Ослепительный нож
Шрифт:
– Ишь ты!
– воскликнула Мамонша.
– Из двух сотен лучших дев меня избрали государевой невестой, - поведала Евфимия.
– Сам царь избрал!
Боярыня глядела на неё, как на пришлицу с того света.
– Ты видела царя?
– Как вот тебя. Воочию.
– Каков он?
– Невысок. Немного тучен, - стала вспоминать Евфимия.
– Взором и лицом приятен. В безрукавом зипуне белой тафты. А шапка… Нет, не золотая. Бархатная, цветом шафранная, окол соболий, двоеморхая. А в шапку вшита запона алмазная. Мой тамошний родитель Раф Всеволожский сказывал: на ней камней
– Твой тамошний отец не Иван Дмитрич?
– расширила глаза Мамонша.
– Вовсе не похожий на него. И не боярин. Дворянин, - растерянно произнесла боярышня.
– Стань я царицей, стал бы он боярином.
– А ты царицею не стала, - подсказала амма Гнева.
– Испрокужена была придворными злецами и сослана за Камень, видать, в землю Югорскую, - понурилась Евфимия. Потом пытливо исподлобья взглянула на хозяйку кельи.
– О моей тамошней беде как тебе ведомо?
– Я твой лазоревый источень приносила Агафоклии, - призналась амма Гнева.
– По этой опояске она проникла в твою дальнюю судьбу. Только увидела тебя совсем иную.
– Я там была с собой несхожей, - подтвердила Всеволожа, - выше, краше…

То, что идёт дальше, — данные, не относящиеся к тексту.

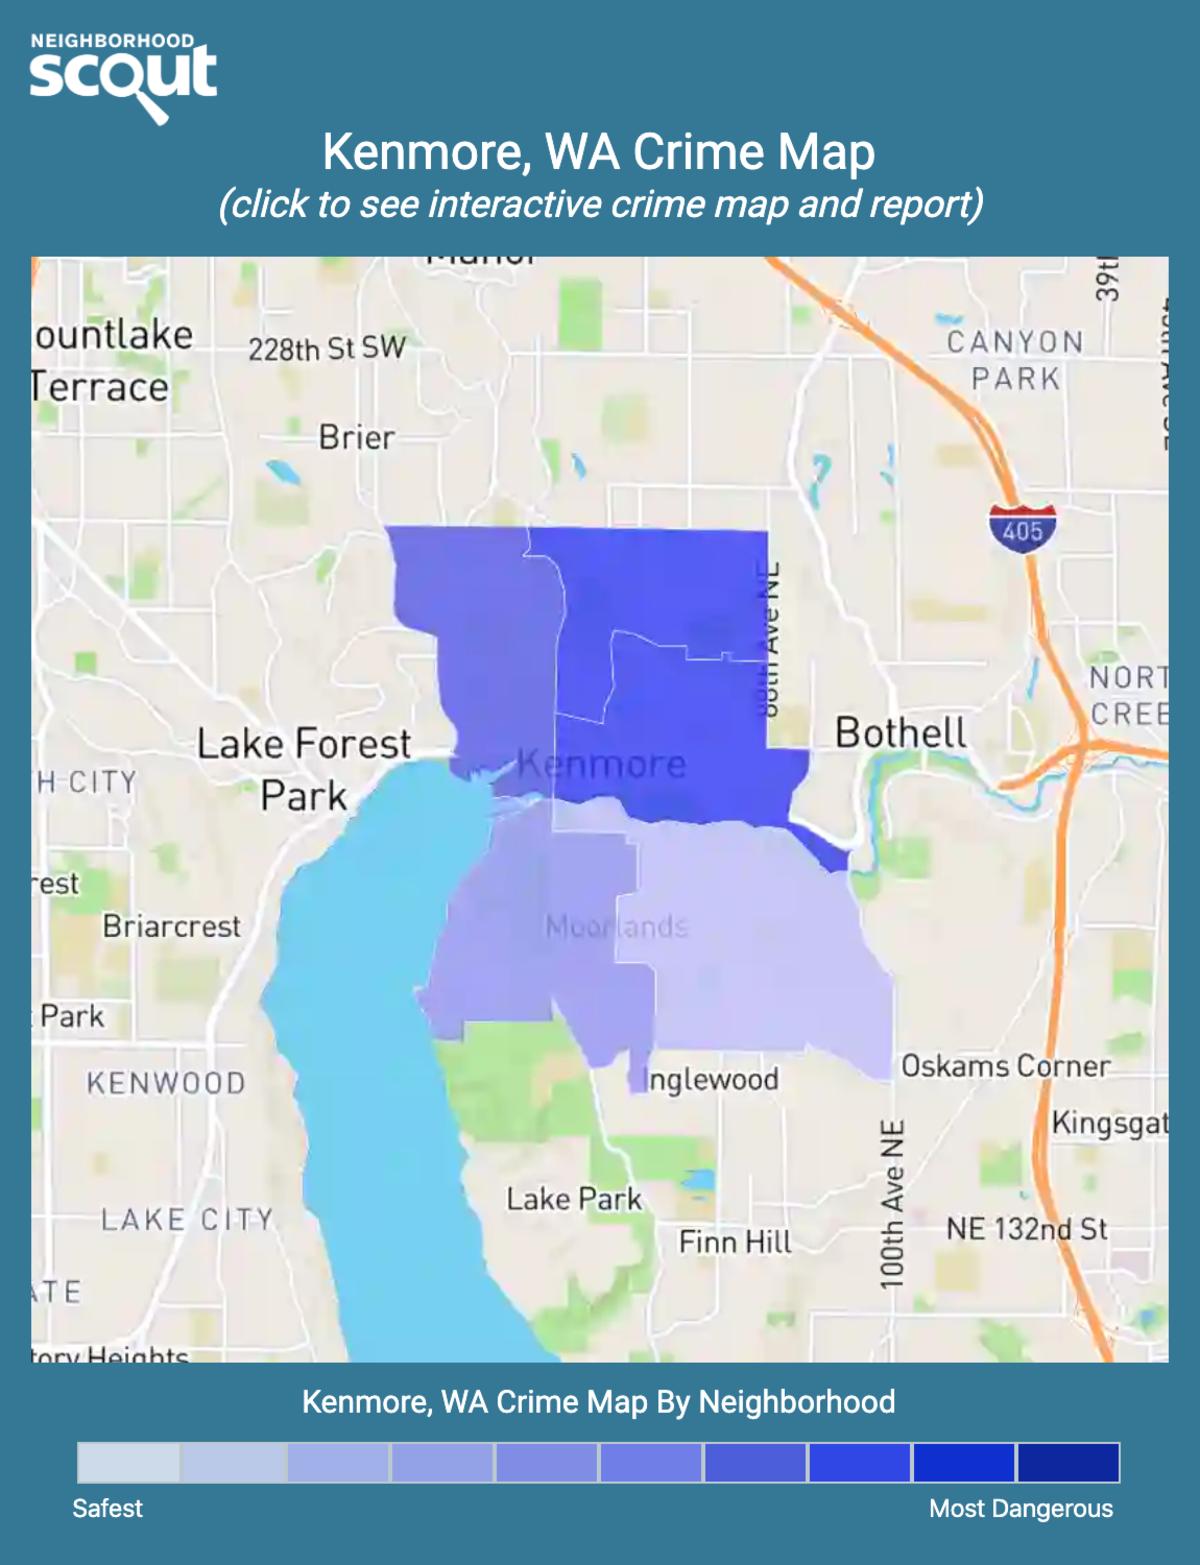 Kenmore, Washington crime map

Опекунша с опекаемой примолкли в размышлениях. Потом взволнованная гостья вслух подумала:
– Обо мне ведунья рассказала, а о царе - ни слова…
Ответ был прост:
– Князья, цари для Фёклы не важнее пчелиных маток для орлицы. Попросту она о них не мыслит.
Евфимия полюбопытствовала:
– А для себя-то что она увидела в грядущем? Амма Гнева, помрачнев, произнесла чуть слышно:
– Смерть в огне.
– А для тебя, мой свет?
– набралась смелости Евфимия.
– Твоей души в паломничество не посылывала?
Боярыня лишь покачала головой.
– И ничего тебе не предрекла?
– Клещами красными не вытянешь, - совсем уж прошептала амма Гнева и встрепенулась: - Смеркается. Пора дровец внести да затопить очаг. Ты тут побудь. Я мигом.
Однако же Евфимия не утерпела, покинула избушку вслед за хозяйкой и поражённая застыла на пороге.
Её оглушил звук, тягучий, нутряной, скребущий уши. Он шёл как будто с серой пелены небес, хотя на самом деле - сквозь большие чёрные деревья. Подобный звук она слыхала в Зарыдалье. Это был рёв быка.
– Ах, Акилинушка, вернись!
– испуганно звала боярышня.
– Неподалёку бык заблудший. Не закатал бы!
Амма Гнева принесла беремя дров.
– Голубонька, ну что ты всполохнулась? Это вовсе и не бык. Бугай! Птица такая вида цапли. Большая выпь. Головка с кулачок, а голос бычий. Взойди в избу.
У аммы Гневы при входе полено из беремени упало на пол.
– Ой!
– вскрикнула она.
– Ты испугалась рёва бугая, а я - нечаянного гостя.
Очаг приятно запылал. Избушка осветилась без светца. Хозяйка стала собирать на стол.
– Теперь-то поняла, Офимьюшка, что мои страхи за тебя отнюдь не ложны?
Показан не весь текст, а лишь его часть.